I recommend BEAM* as a process for creating good BI requirements.
Once the requirement is frozen, whether for sprint or an hour, the software needs to be designed. That design needs to be documented in a format that makes it durable, and then it needs to be reviewed by a knowledgeable peer who wasn’t involved in its creation. Peer design review is regularly shown to be the most effective testing activity.
Every software module should have unit tests. The unit tests use the small, hand-crafted, control data set or even mock out the database entirely. I recommend Test Driven Design, particularly as that process sometimes allows for the initial draft of the unit tests to be the design that was reviewed in the previous stage.
Every software feature should have acceptance tests. It is important that the customer can understand the acceptance test. Any feature that is difficult to prove is working from the customer’s perspective should be considered for redesign or removal.
These acceptance tests run the integrated system end-to-end from the feature’s, and therefore customer’s, perspective. Acceptance tests should be run on a recent backup of the production data. This is easiest by using a webdriver on the visualisations that your customers interact with. If you have a feature that isn’t readily testable through the user interface, the first step ought to be to consider integrating it into your user interface. You’ll still end up with some features that aren’t readily visible, which is where a customer-readable testing framework like DBFit comes into your tool kit.

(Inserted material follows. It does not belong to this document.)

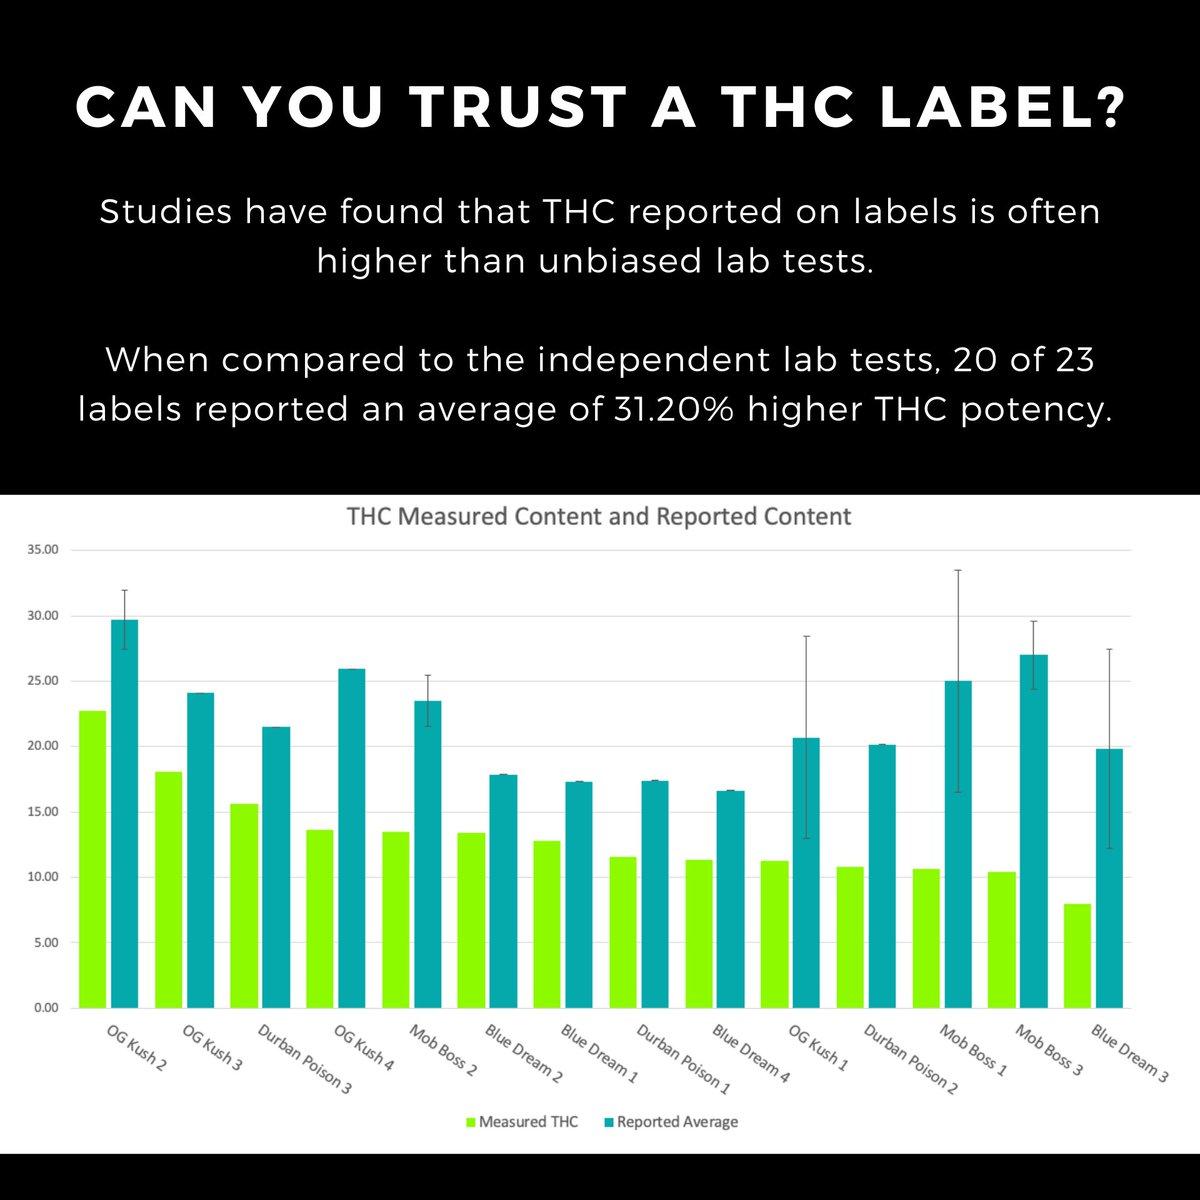 AboutCannabis: Can you trust a potency label? Eh...  - Dr. Anna Schwabe, PhD  #curiousaboutcannabis #cannabiseducation #cannabisscience #cannabistesting #cannabisindustry #cannabiscommunity #cannabis

There is no characteristic inherent to BI software that obstructs the application of continuous integration. The continuous integration system ought to regularly play all of the unit tests, and if the unit tests pass then all of the acceptance tests. Your acceptance tests probably take minutes or even hours to run, so the CI probably will not run on every commit to source control.

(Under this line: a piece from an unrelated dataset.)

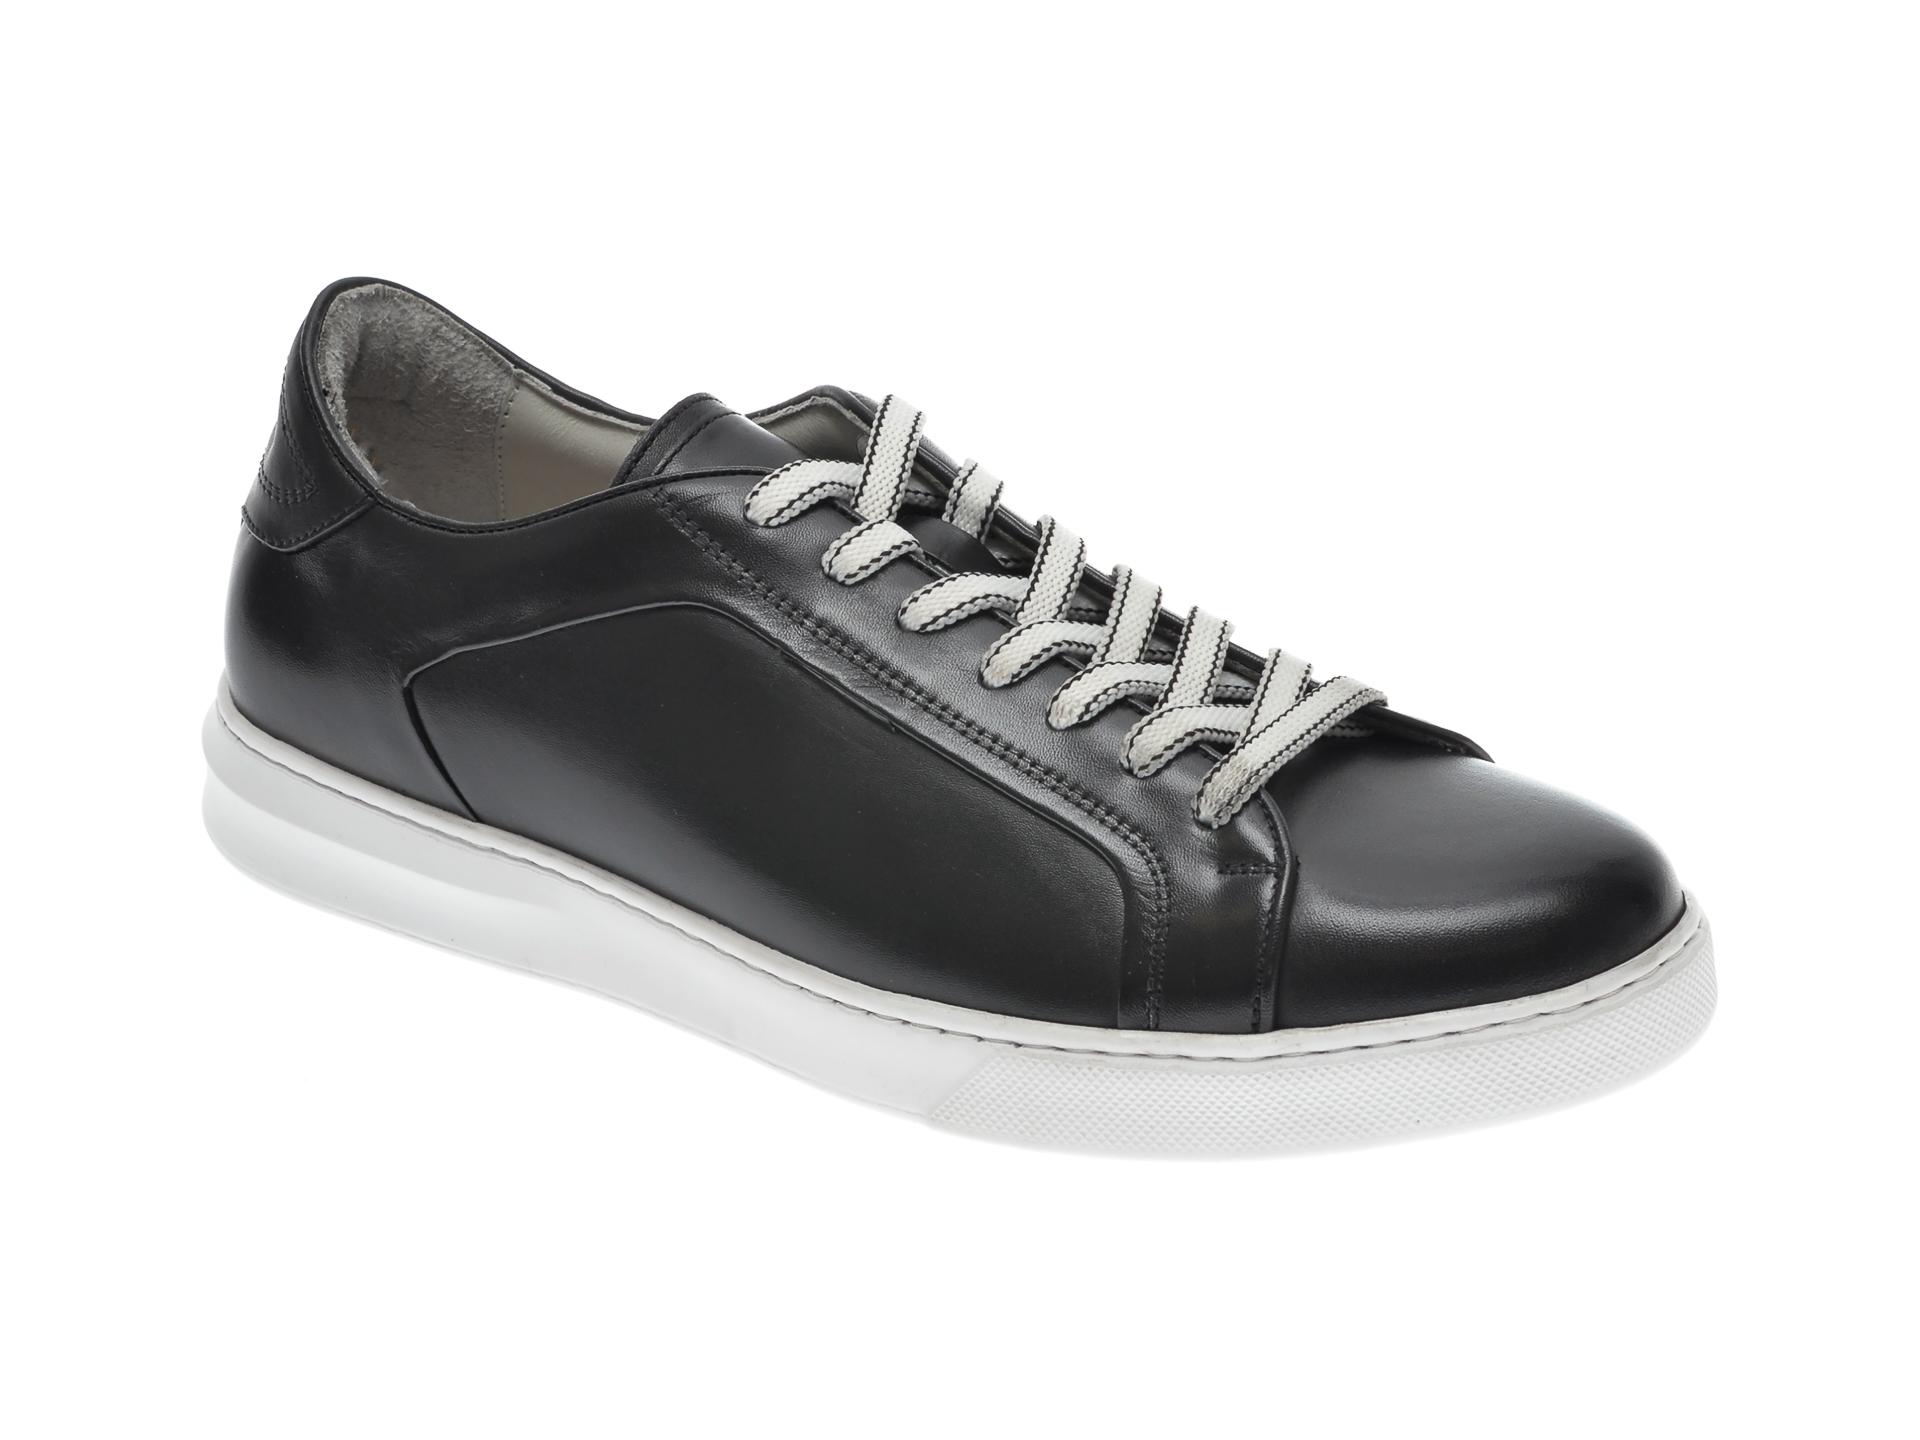 Pantofi OTTER negri, 3384, din piele naturala imagine

The CI system’s logs of the acceptance test are the bulk of your performance tests. You just need to write a few tests that read the other test’s logs and compare them to your performance measurement thresholds.
The customer still needs to interact with the system before it goes into production. I recommend having them watch the acceptance tests for the new development, then having them do some exploratory testing. A screen recording tool is invaluable in making that exploratory testing useful for everyone.

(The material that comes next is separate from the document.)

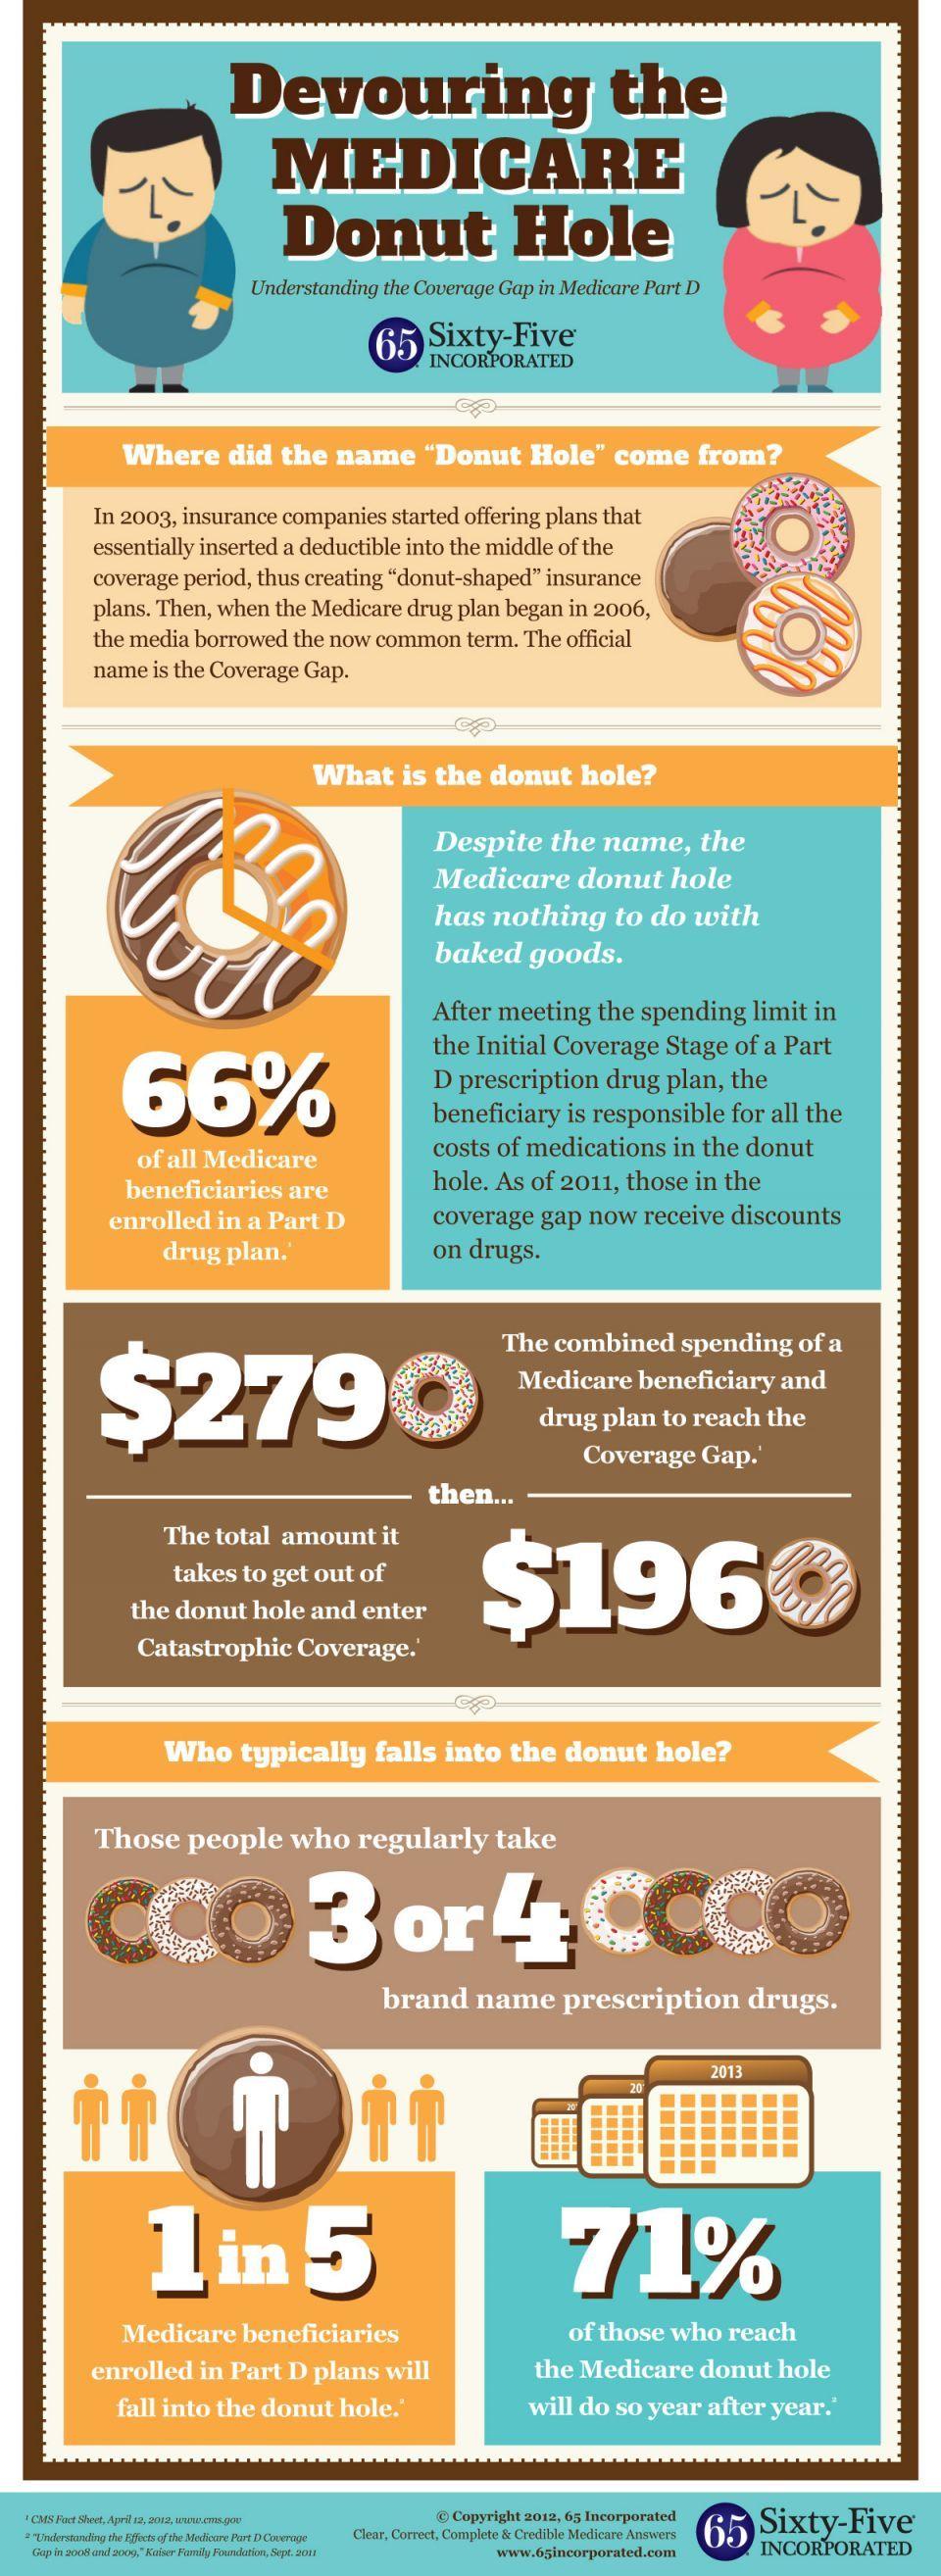 Do You Have A Medicare Part D Prescription Drug Plan If You Do

A subset of the acceptance tests should check data without modifying it. These reconciliation tests check if the data from the source system is being reflected in each layer of the BI system. A subset of these reconciliation tests ought to run regularly on the production system.
As I mentioned earlier, this plan either sounds archaic and over simplified, or like science fiction. If you’re doing better than this, congratulate yourself. If not you may need some motivation:
Faced with the enormity of the BI testing, many decision makers decide not to invest in a comprehensive testing program. This is an age old problem. As Weigers says on the first page of Creating a Software Engineering Culture, “Never let your boss or your customer talk you into doing a bad job”. The cost of bad software is enormous. It is our job as software professionals to deliver software of acceptable quality at as fast a pace as we can. A methodical, repeatable, and reliable test process proves that quality. It also ultimately increases the speed of delivery by reducing the time taken by testing, deducing the number of defects that come back from formal testing, and by keeping the system as a whole from slipping into chaos.
Effective testing is the difference between order and chaos, and therefore between success and failure of your entire BI initiative. Show your work and its tests the respect that they deserve.